TASK DIRECTIONS:
Starting from the first line, set down the entire listing exactly.
-- Opening Marker --
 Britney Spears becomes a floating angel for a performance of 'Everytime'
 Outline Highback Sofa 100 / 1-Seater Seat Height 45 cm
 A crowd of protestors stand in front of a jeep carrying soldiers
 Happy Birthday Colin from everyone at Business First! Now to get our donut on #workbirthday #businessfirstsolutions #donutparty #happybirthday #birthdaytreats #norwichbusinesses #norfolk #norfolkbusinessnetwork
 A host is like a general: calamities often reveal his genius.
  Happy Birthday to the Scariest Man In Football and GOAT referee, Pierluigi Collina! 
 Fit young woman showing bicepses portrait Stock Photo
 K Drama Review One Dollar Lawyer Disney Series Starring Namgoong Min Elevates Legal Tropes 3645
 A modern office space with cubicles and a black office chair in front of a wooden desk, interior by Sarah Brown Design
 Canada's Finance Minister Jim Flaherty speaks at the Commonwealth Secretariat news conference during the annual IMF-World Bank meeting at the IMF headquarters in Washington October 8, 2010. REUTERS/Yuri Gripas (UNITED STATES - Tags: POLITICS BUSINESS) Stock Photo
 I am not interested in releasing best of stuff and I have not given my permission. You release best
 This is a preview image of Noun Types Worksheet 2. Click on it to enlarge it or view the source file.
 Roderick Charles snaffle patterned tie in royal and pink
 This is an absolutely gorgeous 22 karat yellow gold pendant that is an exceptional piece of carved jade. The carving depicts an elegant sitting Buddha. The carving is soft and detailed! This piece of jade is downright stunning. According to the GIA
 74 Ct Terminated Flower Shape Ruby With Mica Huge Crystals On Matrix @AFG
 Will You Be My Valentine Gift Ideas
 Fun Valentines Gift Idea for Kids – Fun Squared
-- Closing Marker --
SOLVED EXERCISE:
 Britney Spears becomes a floating angel for a performance of 'Everytime'
 Outline Highback Sofa 100 / 1-Seater Seat Height 45 cm
 A crowd of protestors stand in front of a jeep carrying soldiers
 Happy Birthday Colin from everyone at Business First! Now to get our donut on #workbirthday #businessfirstsolutions #donutparty #happybirthday #birthdaytreats #norwichbusinesses #norfolk #norfolkbusinessnetwork
 A host is like a general: calamities often reveal his genius.
  Happy Birthday to the Scariest Man In Football and GOAT referee, Pierluigi Collina! 
 Fit young woman showing bicepses portrait Stock Photo
 K Drama Review One Dollar Lawyer Disney Series Starring Namgoong Min Elevates Legal Tropes 3645
 A modern office space with cubicles and a black office chair in front of a wooden desk, interior by Sarah Brown Design
 Canada's Finance Minister Jim Flaherty speaks at the Commonwealth Secretariat news conference during the annual IMF-World Bank meeting at the IMF headquarters in Washington October 8, 2010. REUTERS/Yuri Gripas (UNITED STATES - Tags: POLITICS BUSINESS) Stock Photo
 I am not interested in releasing best of stuff and I have not given my permission. You release best
 This is a preview image of Noun Types Worksheet 2. Click on it to enlarge it or view the source file.
 Roderick Charles snaffle patterned tie in royal and pink
 This is an absolutely gorgeous 22 karat yellow gold pendant that is an exceptional piece of carved jade. The carving depicts an elegant sitting Buddha. The carving is soft and detailed! This piece of jade is downright stunning. According to the GIA
 74 Ct Terminated Flower Shape Ruby With Mica Huge Crystals On Matrix @AFG
 Will You Be My Valentine Gift Ideas
 Fun Valentines Gift Idea for Kids – Fun Squared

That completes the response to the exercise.